Complications of massive allograft reconstruction for bone tumors
Abstract
METHODS: This retrospective study was performed on patients with benign aggressive and malignant bone tumors undergoing limb reconstruction with allograft between 1997 and 2005 in Al-Zahra and Kashani Hospitals in Isfahan, Iran. Data was collected from patient files, clinical notes, radiographs and a recent physical examination. Complications including
local recurrence, fracture of allograft, fixation failure, nonunion, infection, skin necrosis and neurological damage were recorded.
RESULTS: Sixty patients including 39 males and 21 females were studied. The mean age of patients was 23 ± 11.7 years. The mean follow-up interval was 28.1 ± 12.4 months (mean ± SD). Complications were allograft fracture in 20%, local recurrence in 16%, fixation failure in 11%, nonunion in 6%, infection in 6%, skin necrosis in 6%, and peroneal nerve palsy in 1% of cases. Most local recurrences (60%) were those with a mal-performed biopsy. Most allograft
fractures occurred when a short plate was used.
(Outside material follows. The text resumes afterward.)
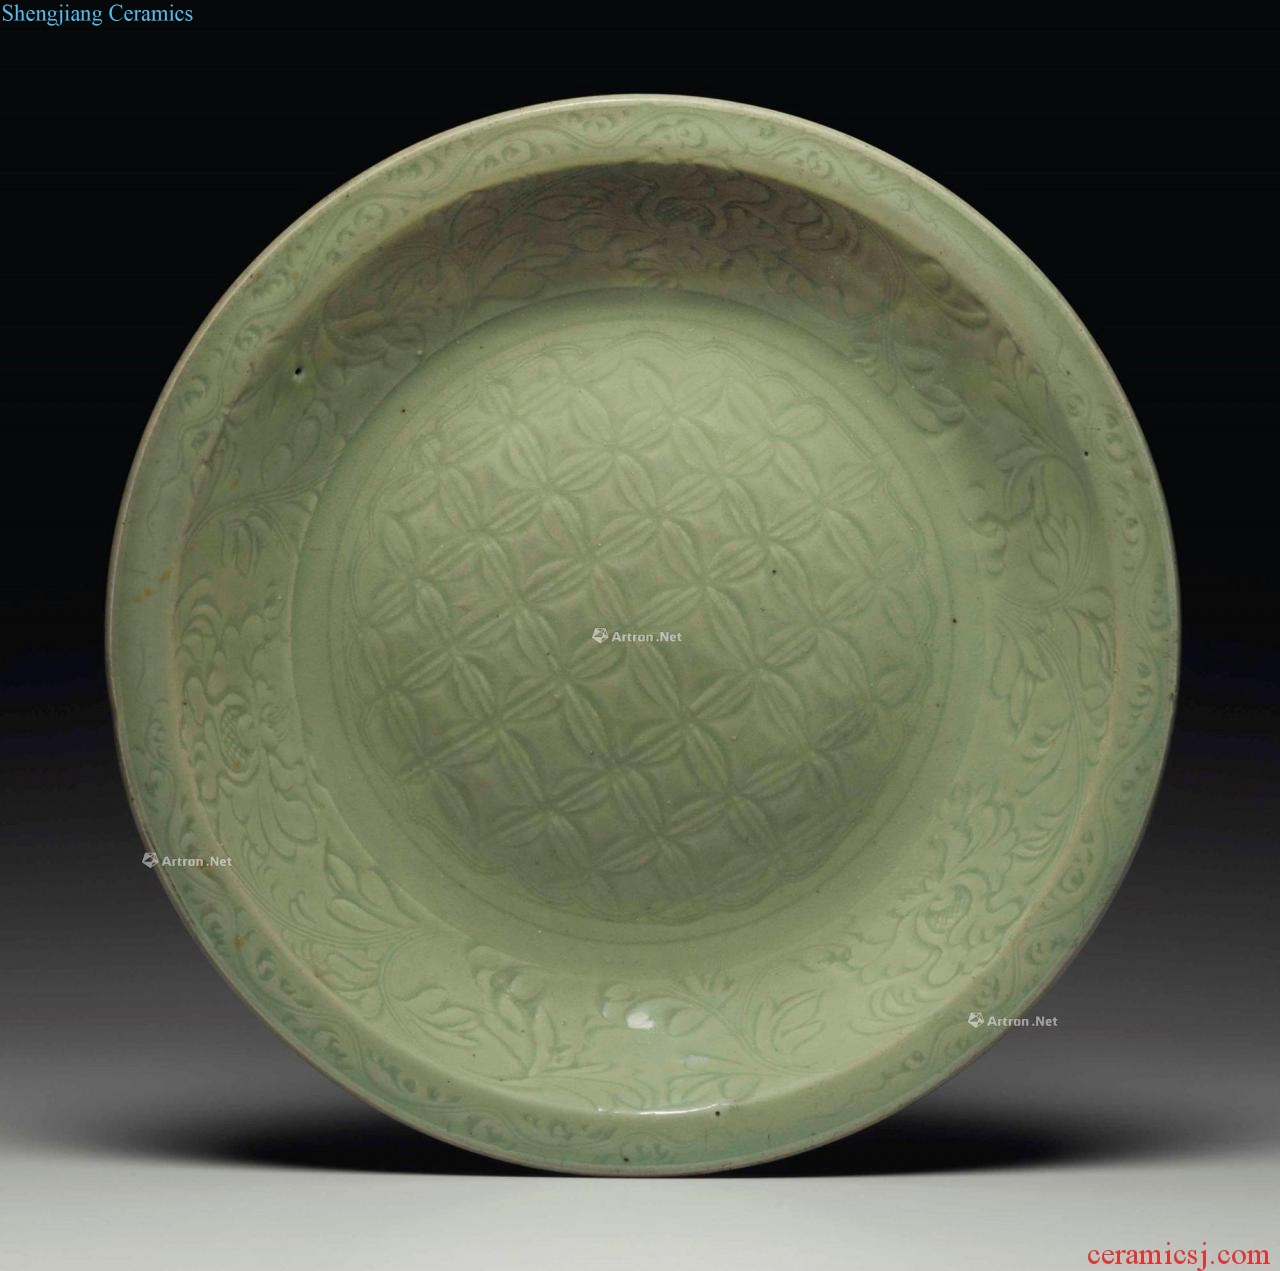 In the Ming dynasty (1368-1644), A LARGE LONGQUAN CELADON CARVED DISH
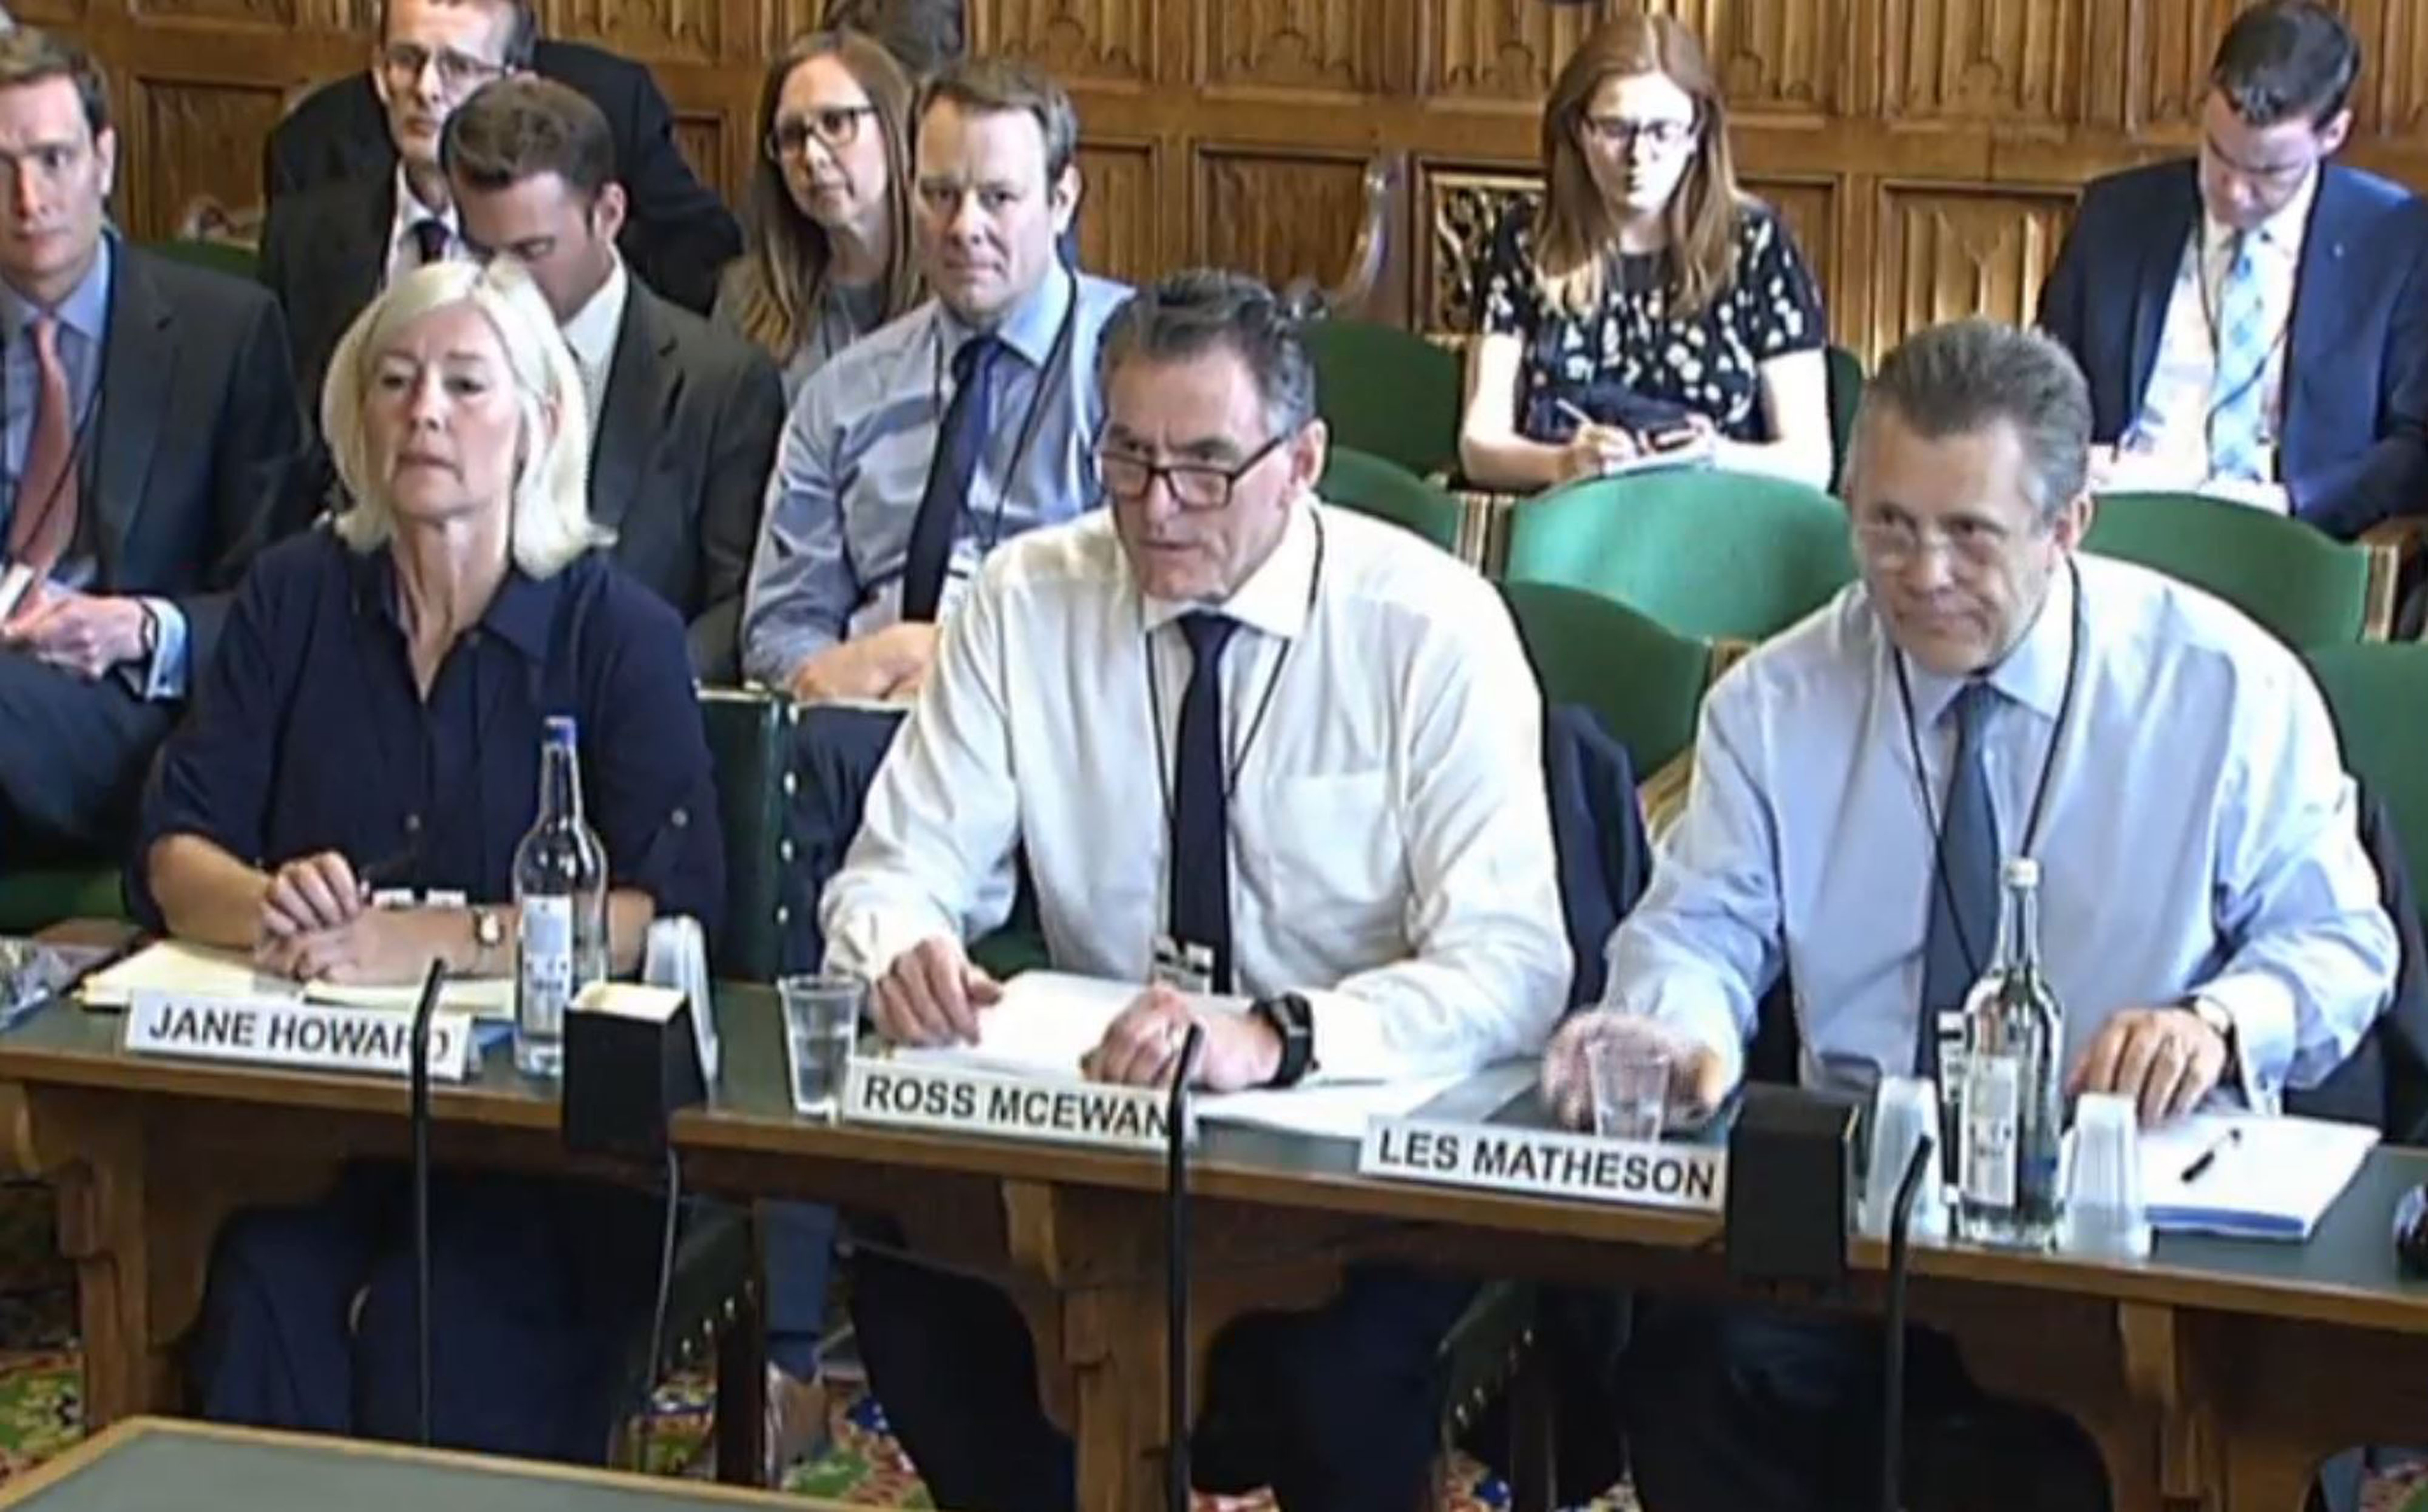 Jane Howard, RBS Managing Director, Personal Banking, Ross McEwan, RBS Chief Executive and Les Matheson RBS Chief Executive, Personal & Business Banking, giving evidence to the Scottish Affairs Committee on the banks plans to close more than 50 branches in Scotland.

CONCLUSIONS: Allograft replacement for bone tumors remains a valid option. To avoid complications, biopsy should be done by a trained surgeon in bone oncology. A long plate is recommended for fixation. Sterility and graft processing
must be optimal. Autogenous bone graft must be added at host-allograft junction.
KEY WORDS: Bone tumors, bone allograft, limb reconstruction.